The data:
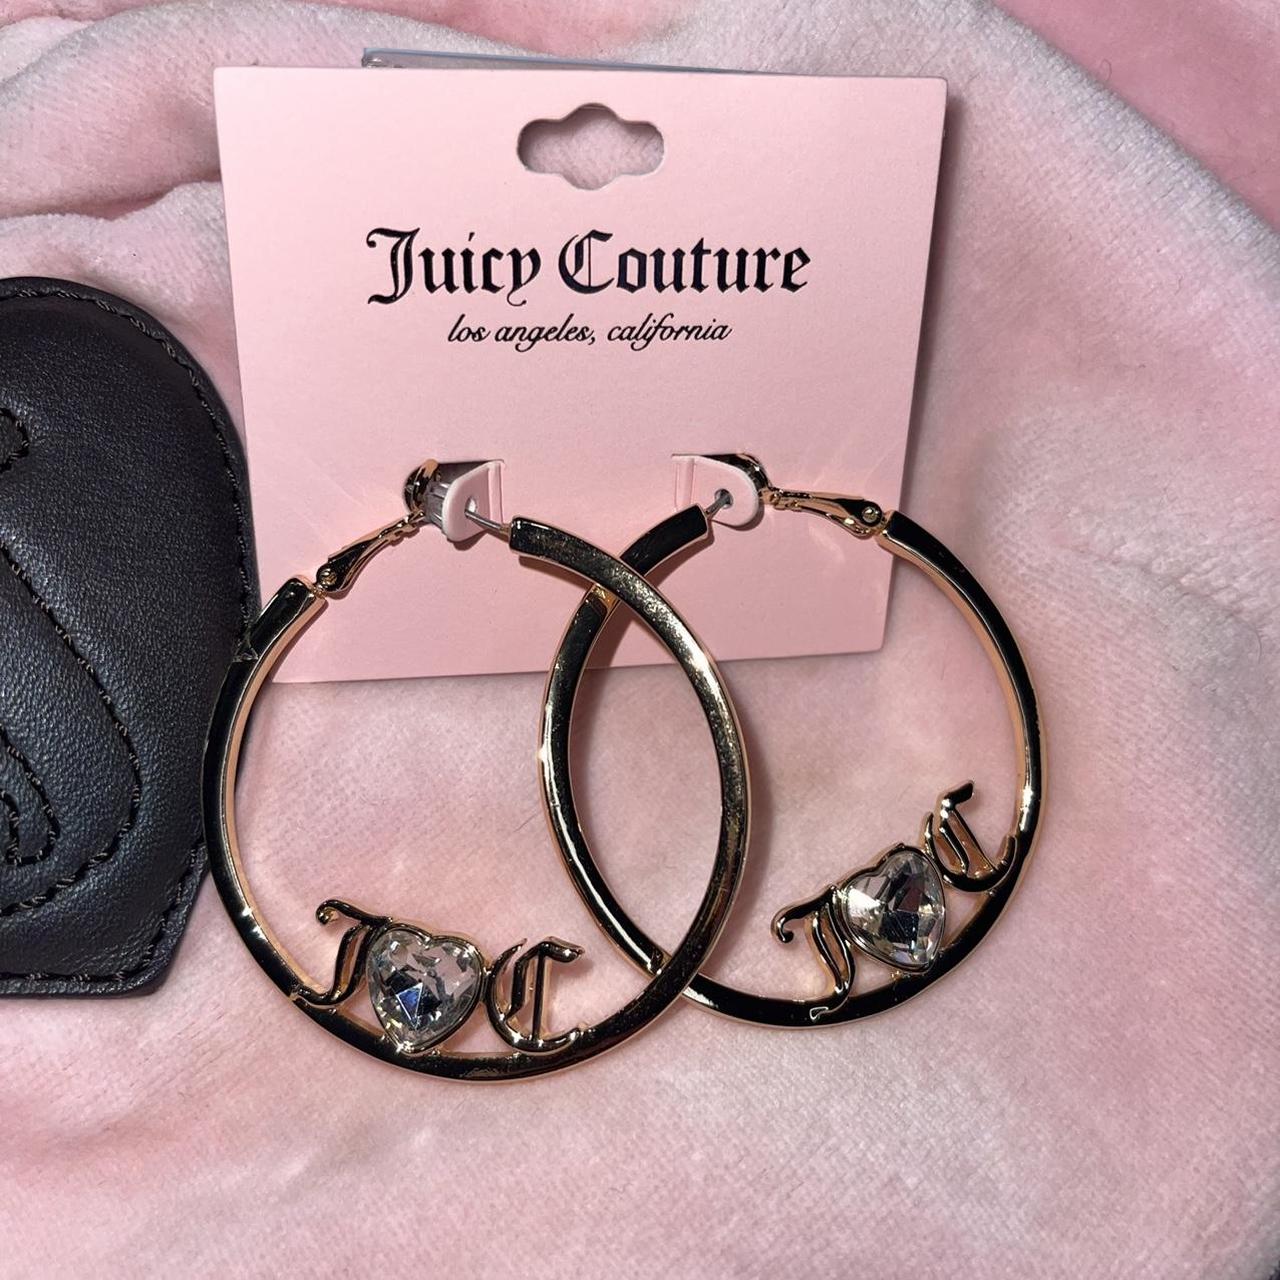 BRAND NEW!!! Juicy couture size medium Do bundles!! - Depop
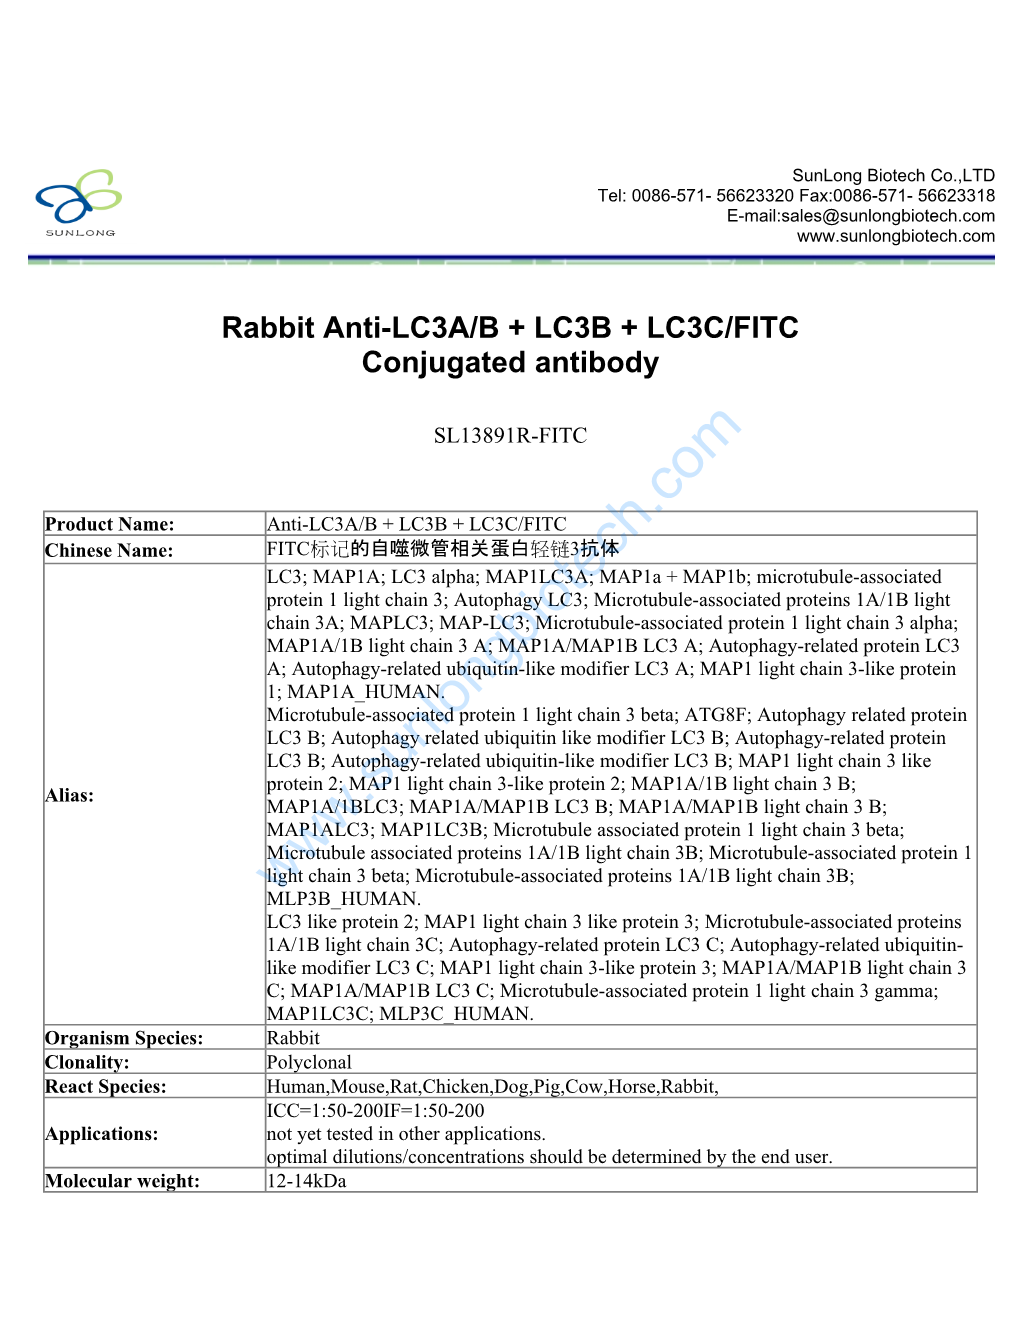 Rabbit Anti-LC3A/B + LC3B + LC3C/FITC Conjugated Antibody
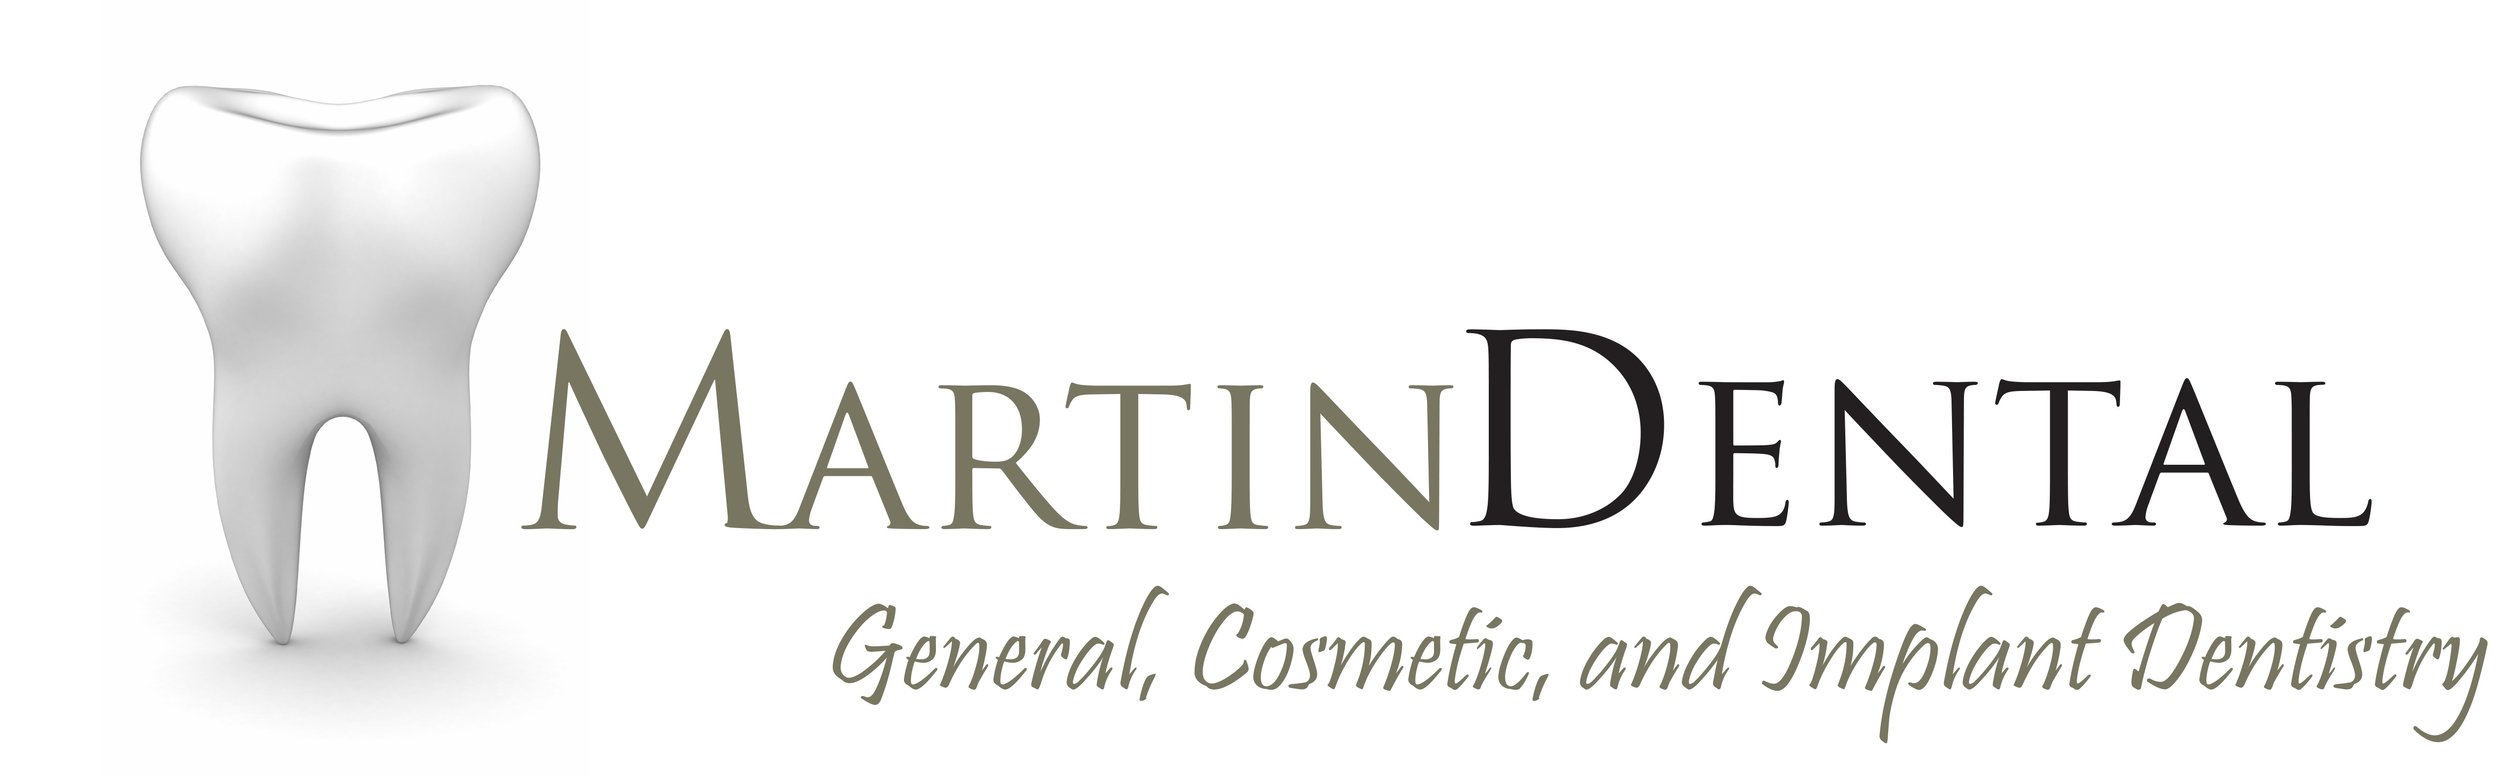 Martin Dental Logo (1).jpg

Exercise goal:
Repeat the data exactly in full, omitting its pictures.

Reply:
 BRAND NEW!!! Juicy couture size medium Do bundles!! - Depop
 Rabbit Anti-LC3A/B + LC3B + LC3C/FITC Conjugated Antibody
 Martin Dental Logo (1).jpg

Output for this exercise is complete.